## Task instructions
In the entries below, which lines run from the one with "Part 24 Pic 15 Pav Army" through the one with "Detroit Series 60"? Repeat exactly those, both included, and no pictures.
----- Record extracts -----
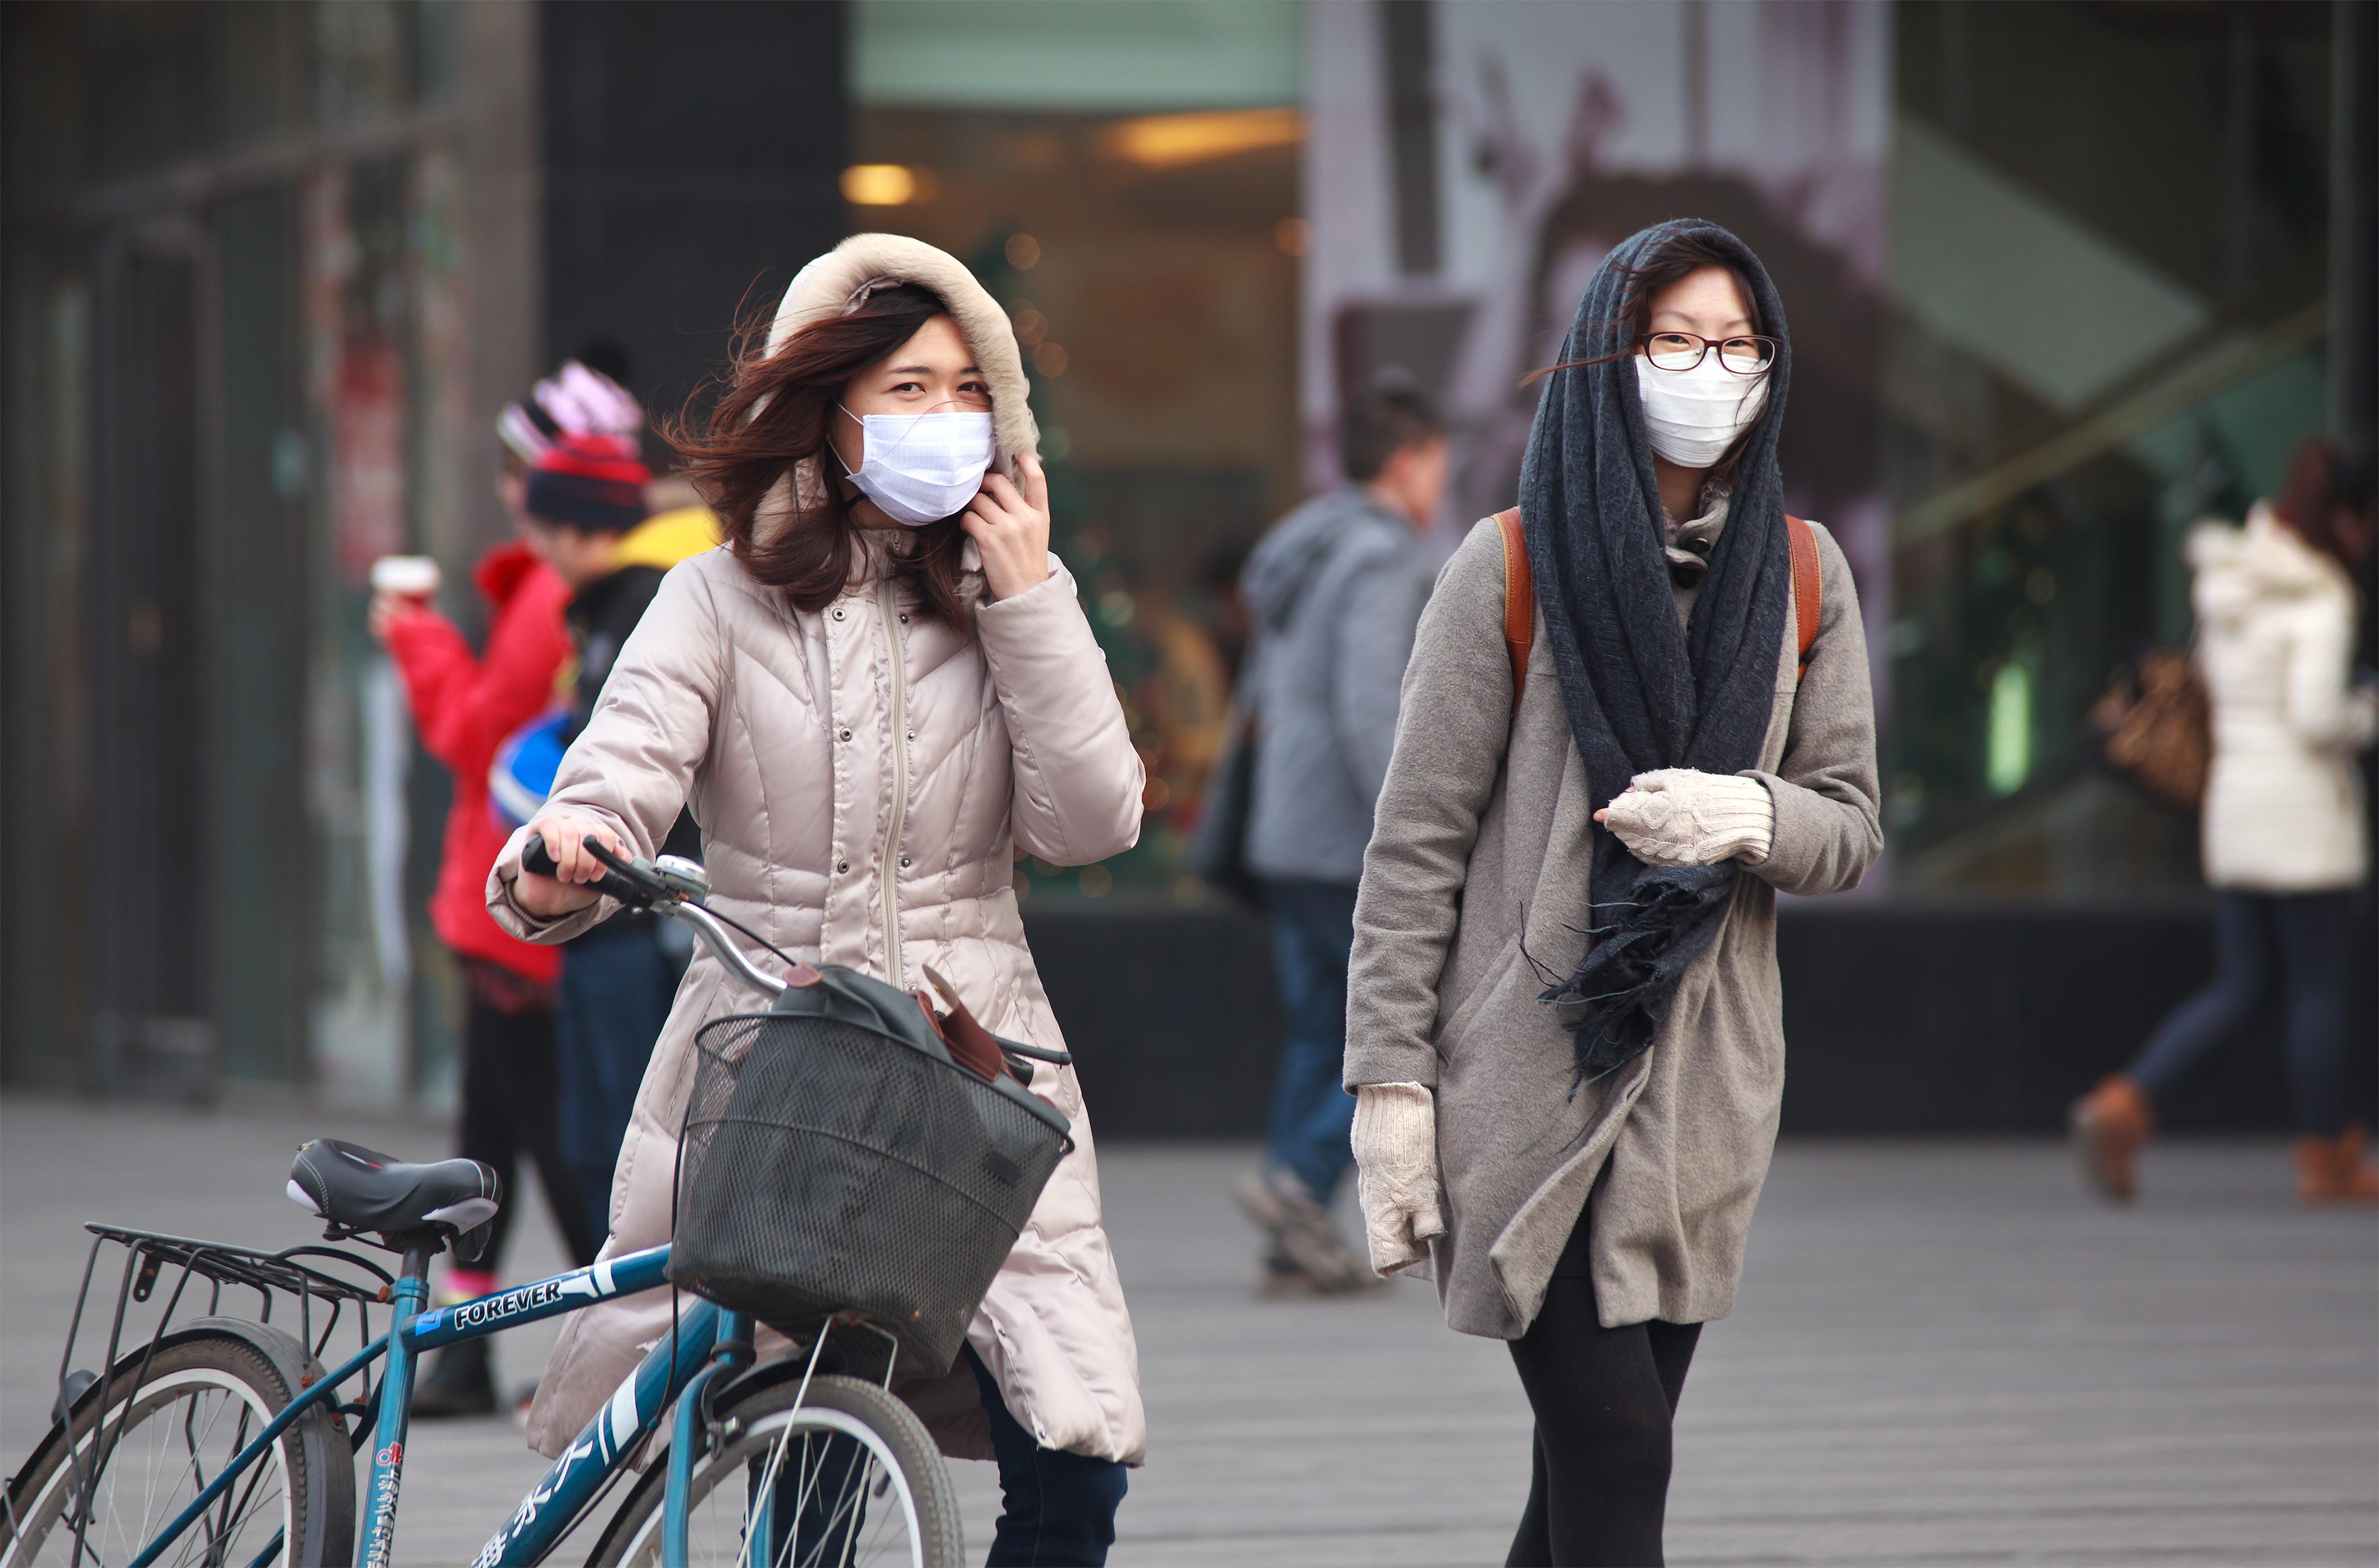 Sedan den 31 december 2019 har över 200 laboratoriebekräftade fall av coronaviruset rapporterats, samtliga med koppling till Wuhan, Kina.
-----
----- Record extracts -----
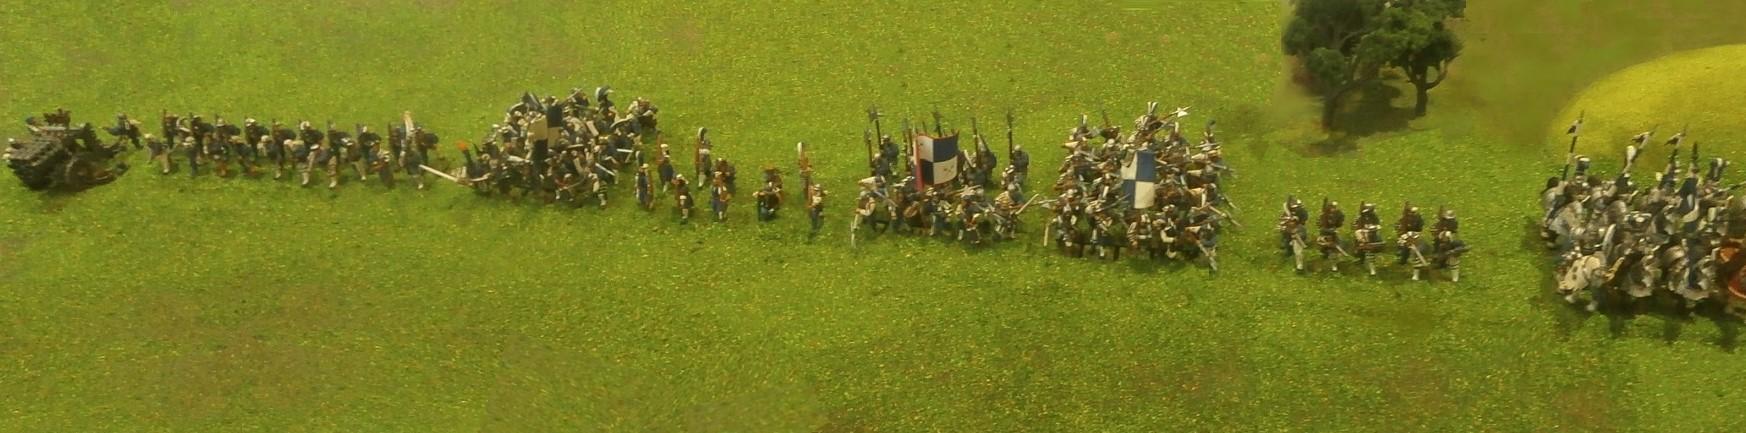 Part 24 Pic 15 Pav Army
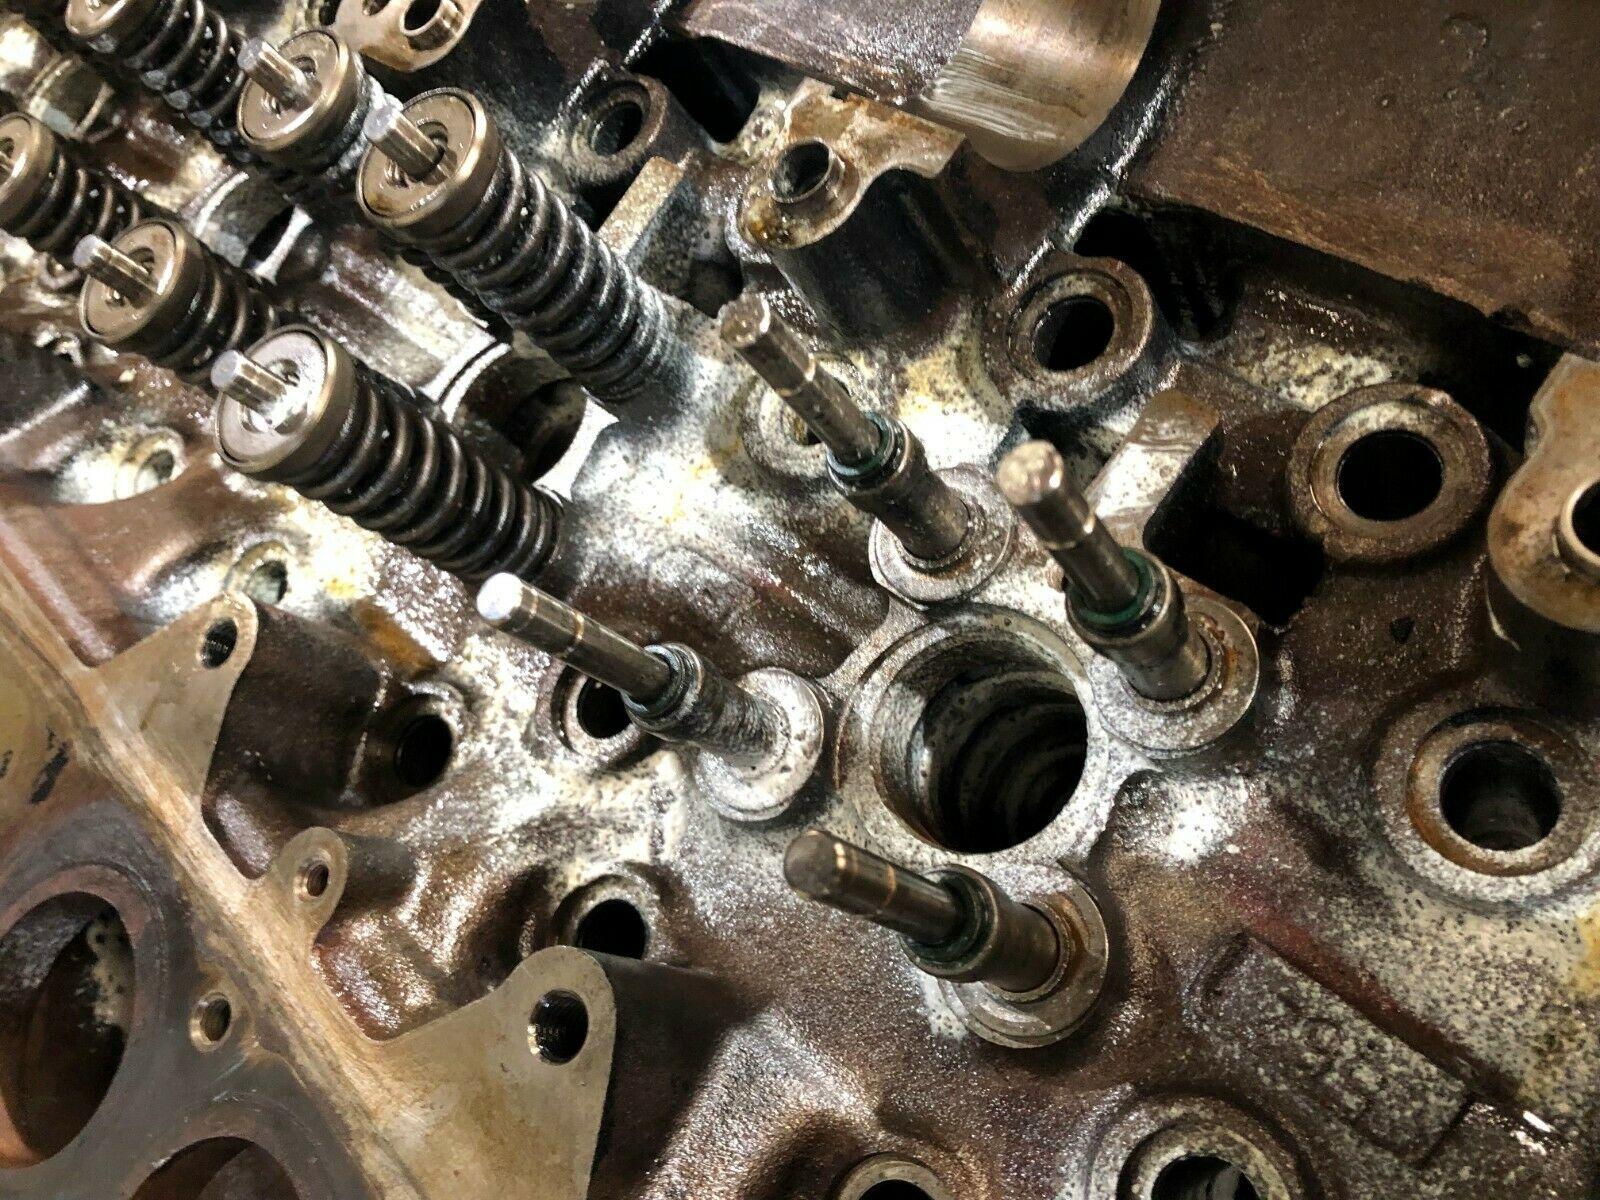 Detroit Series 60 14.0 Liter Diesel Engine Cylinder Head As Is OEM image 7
-----
----- Record extracts -----
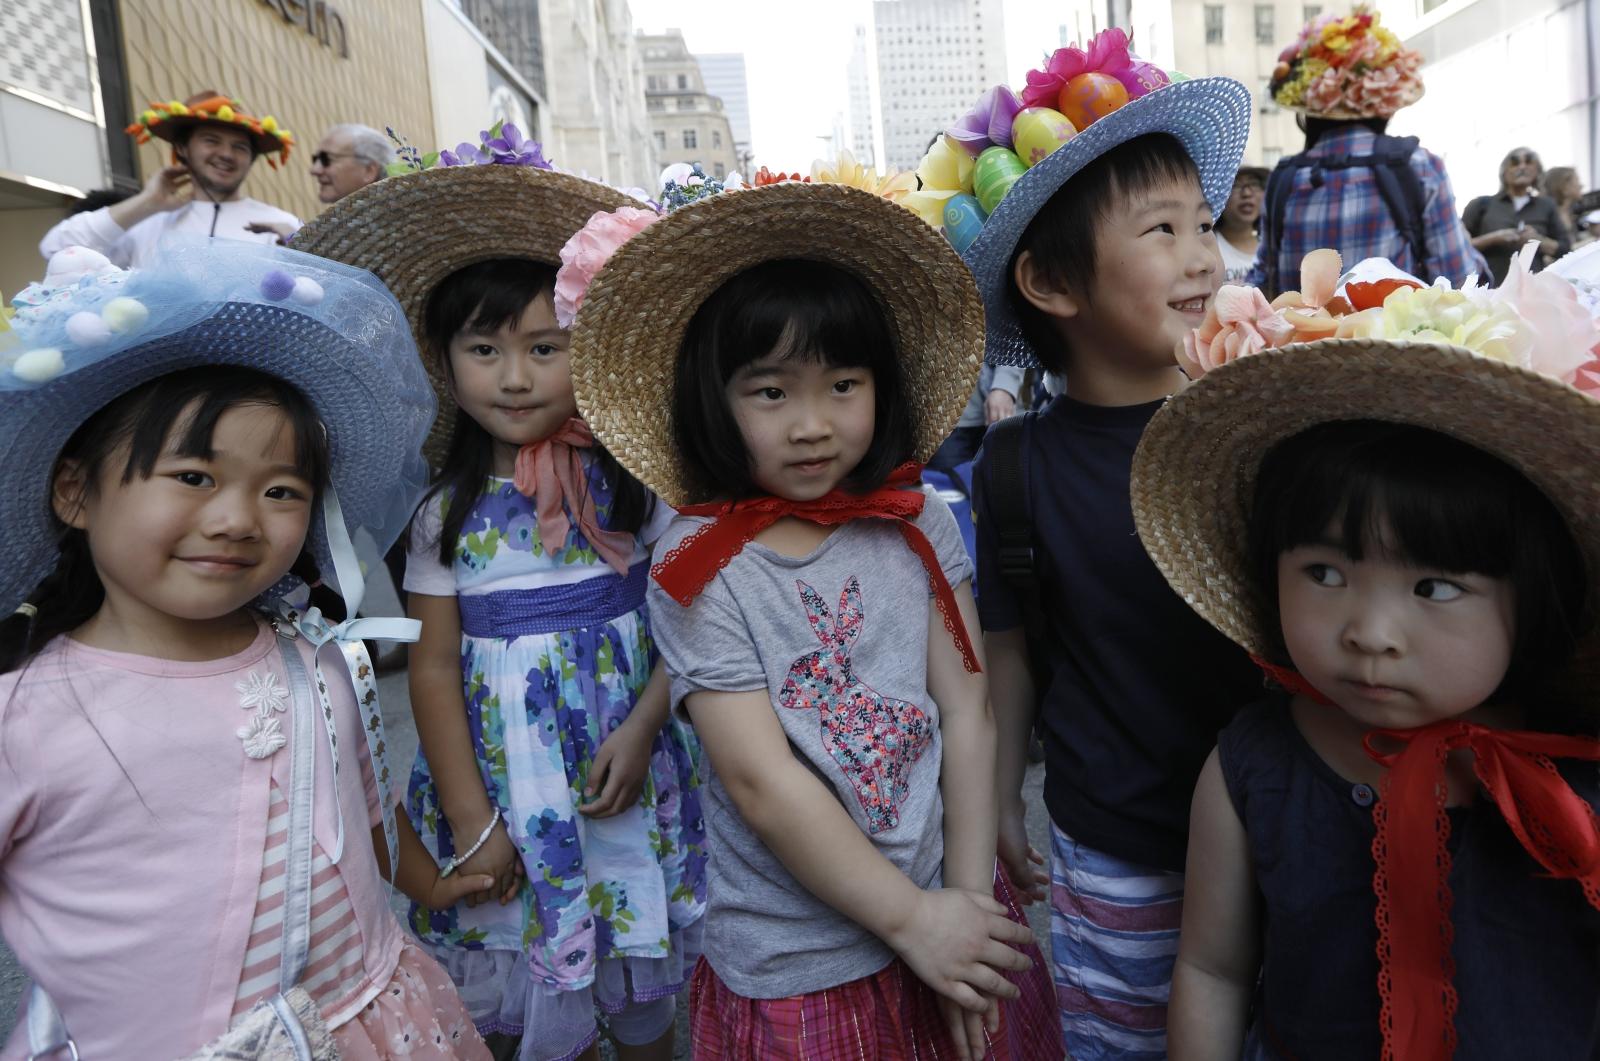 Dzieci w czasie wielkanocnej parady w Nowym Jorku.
-----
## Solution for this problem
 Part 24 Pic 15 Pav Army
 Detroit Series 60 14.0 Liter Diesel Engine Cylinder Head As Is OEM image 7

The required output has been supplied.